Every line of the material must be given again verbatim. Skip the images.

┌─ Data below

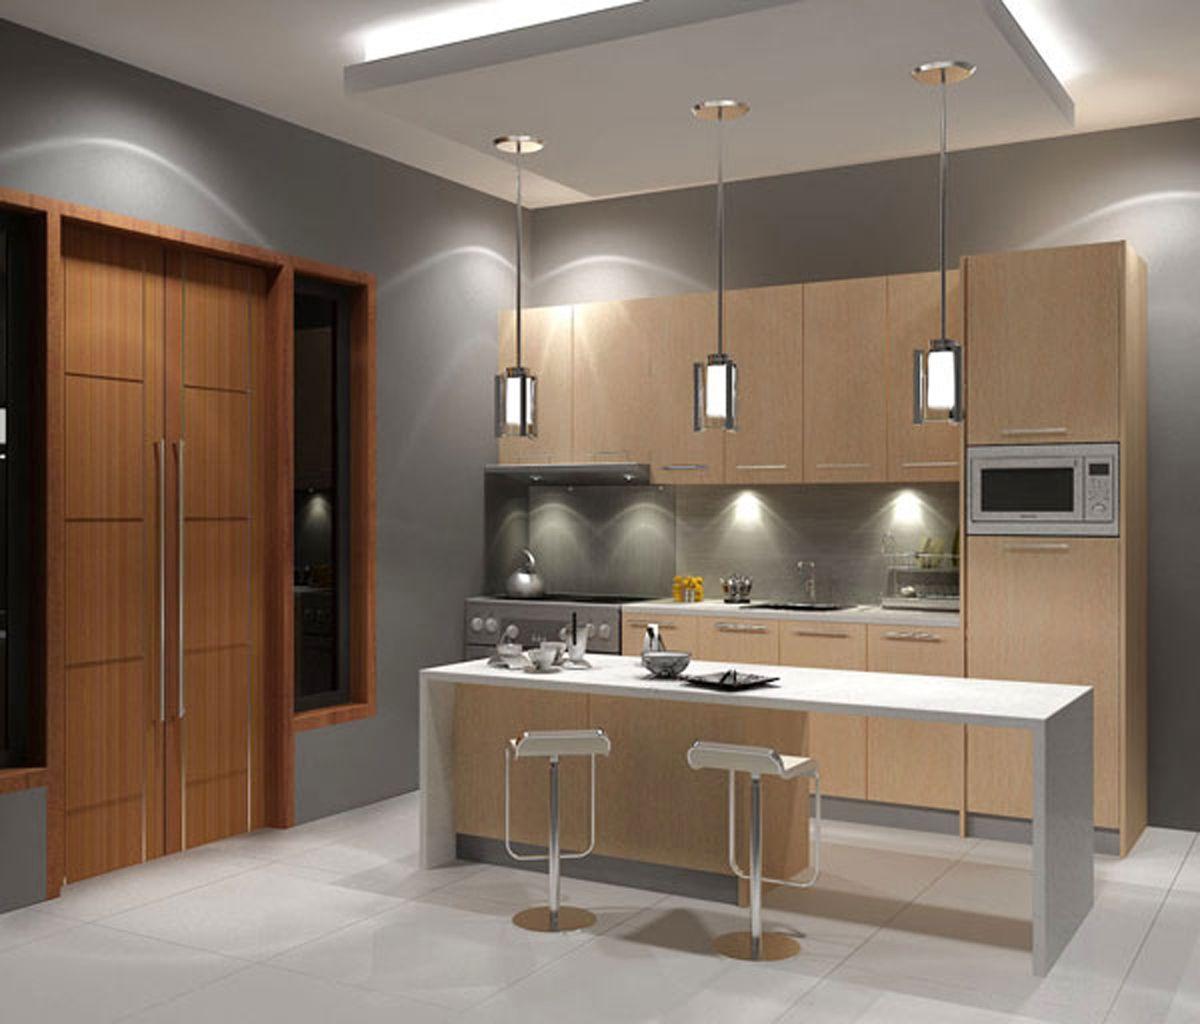 Kitchen designs for small spaces kitchen island design view kitchen
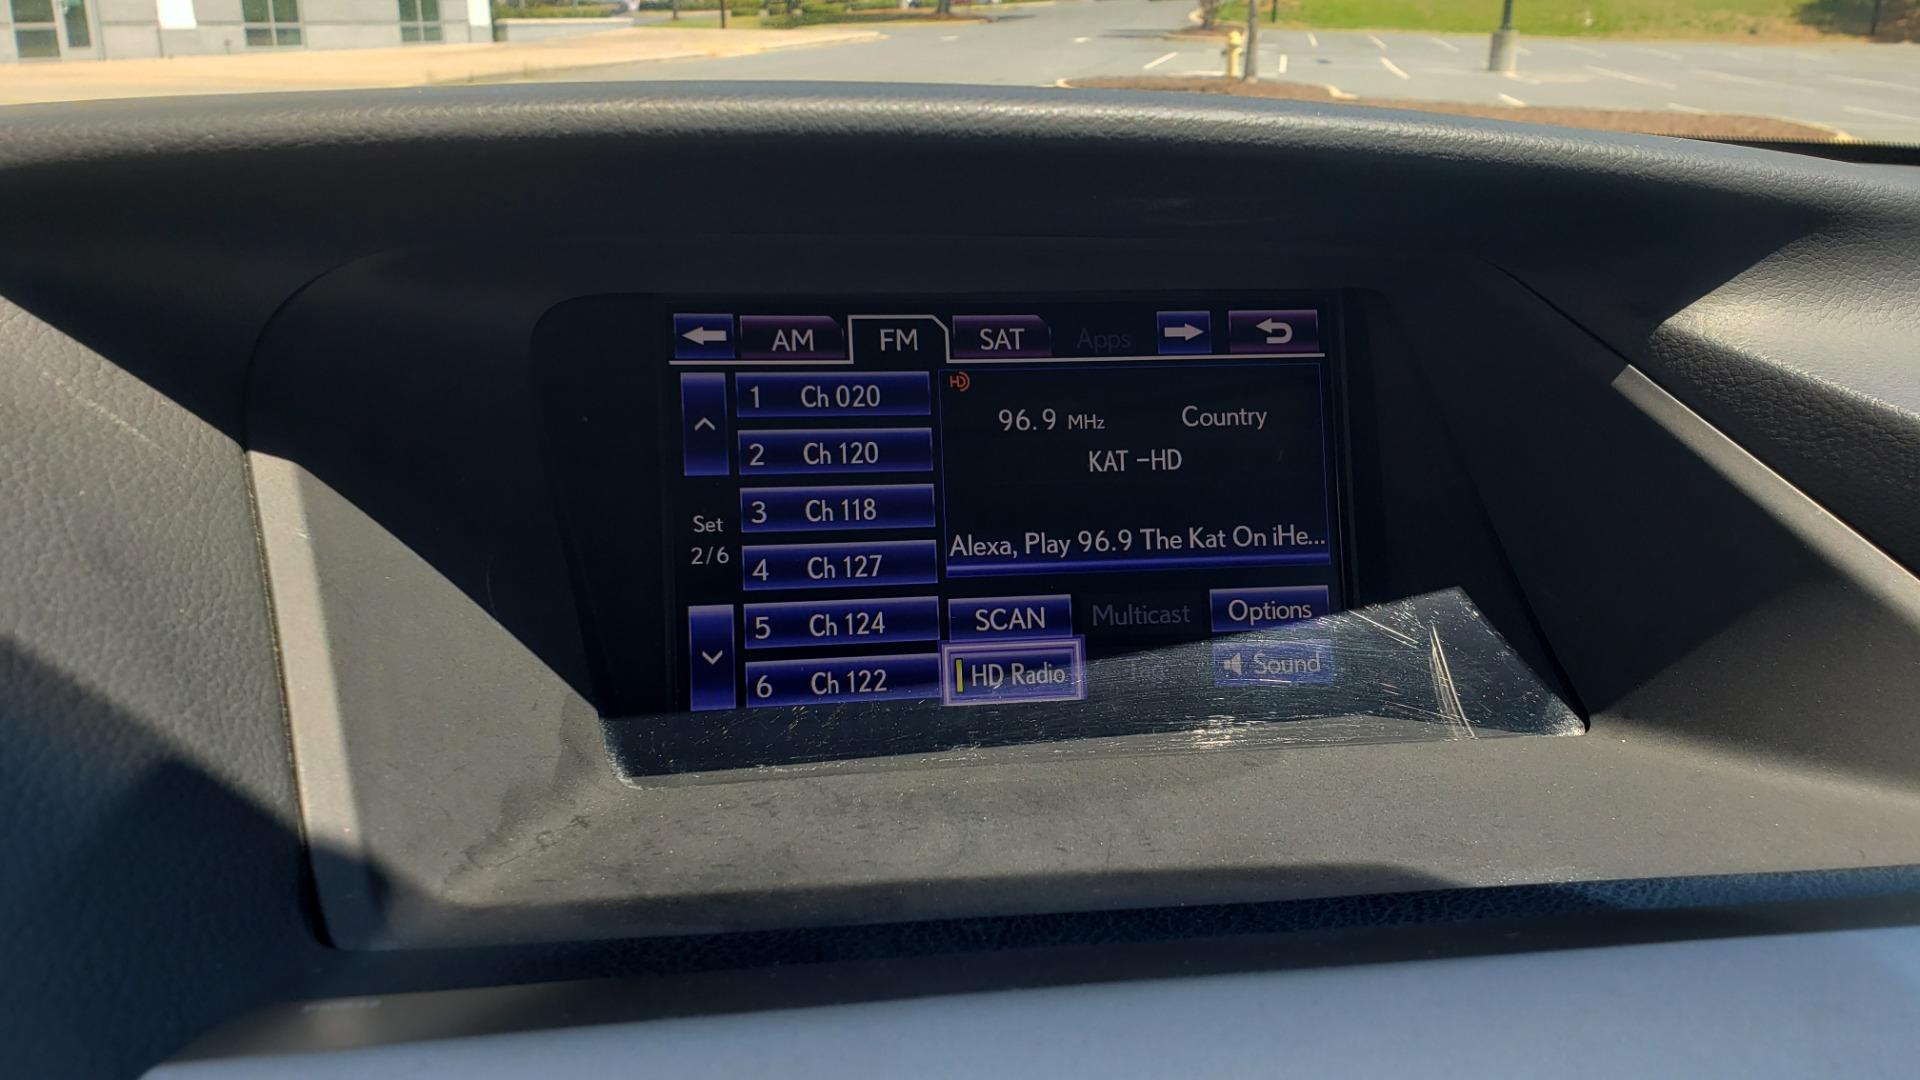 Used 2015 Lexus RX 450H AWD / PREM PKG / NAV / PARK ASST / HUD / BLIND SPOT MONITOR for sale Sold at Formula Imports in Charlotte NC 28227 50
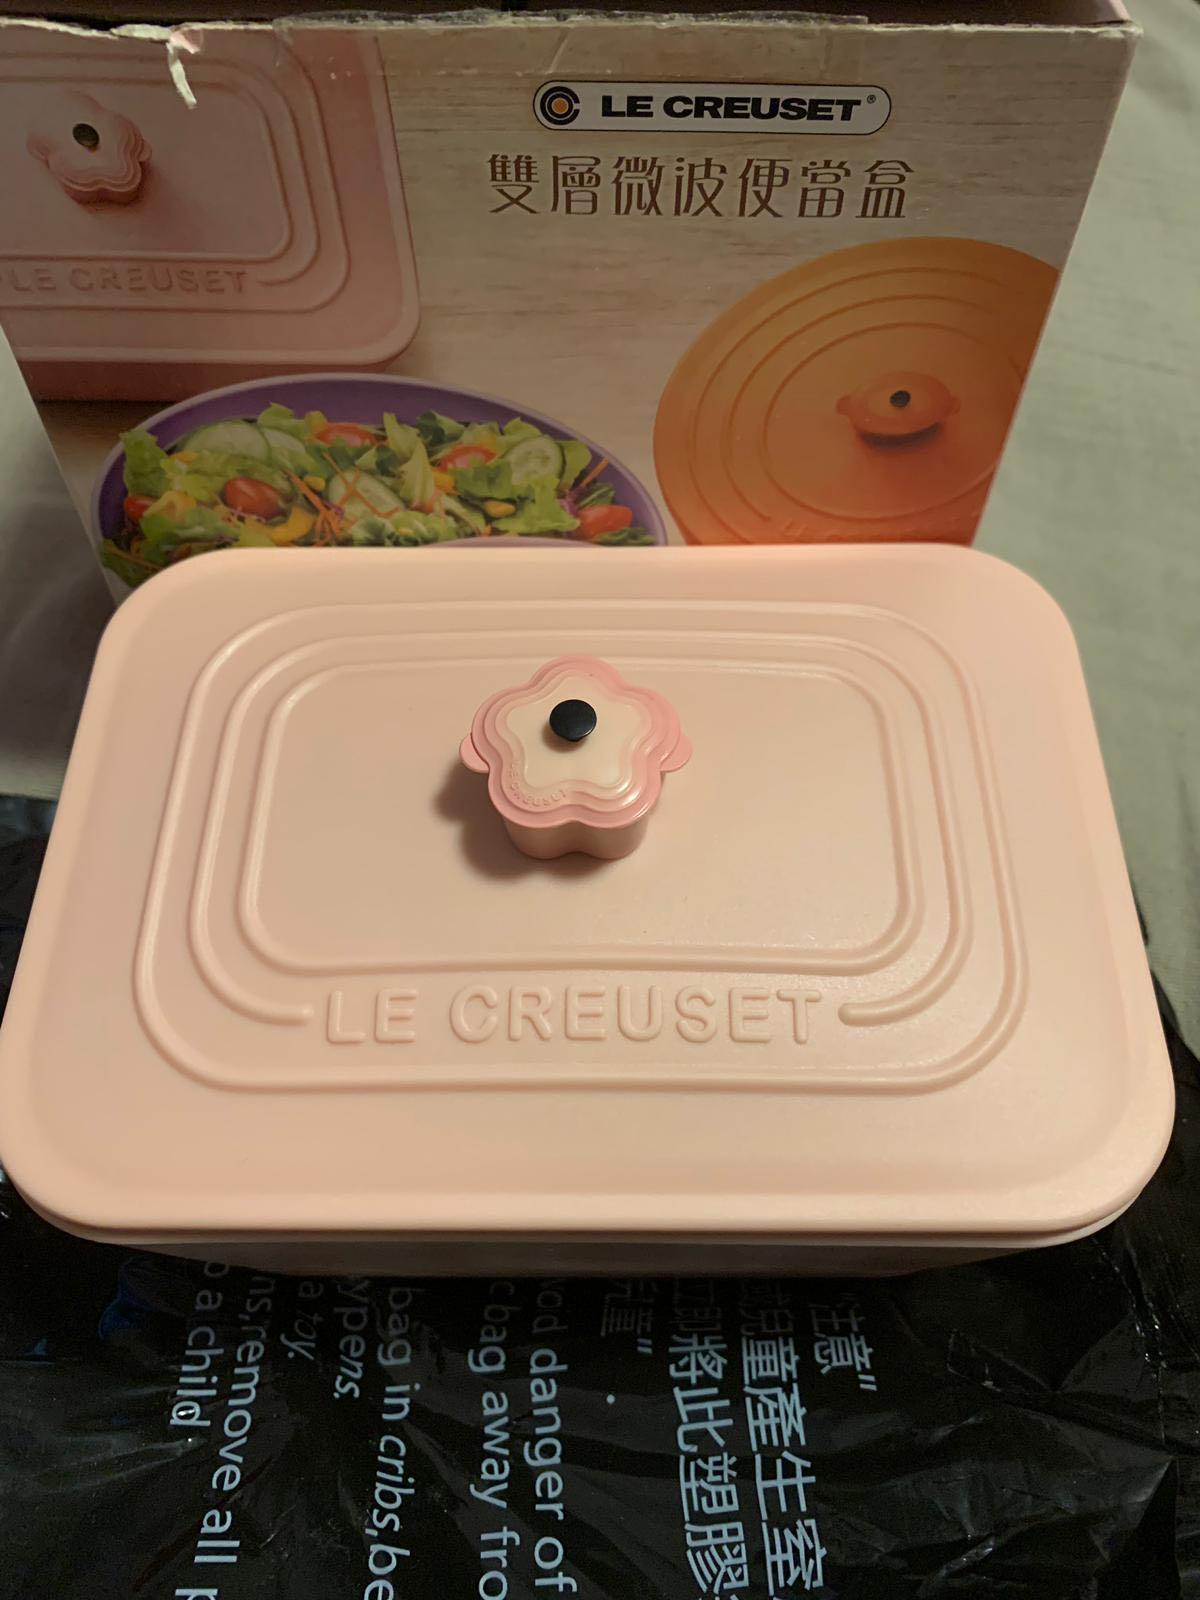 Le Creuset 飯盒

└─

Completed task |
 Kitchen designs for small spaces kitchen island design view kitchen
 Used 2015 Lexus RX 450H AWD / PREM PKG / NAV / PARK ASST / HUD / BLIND SPOT MONITOR for sale Sold at Formula Imports in Charlotte NC 28227 50
 Le Creuset 飯盒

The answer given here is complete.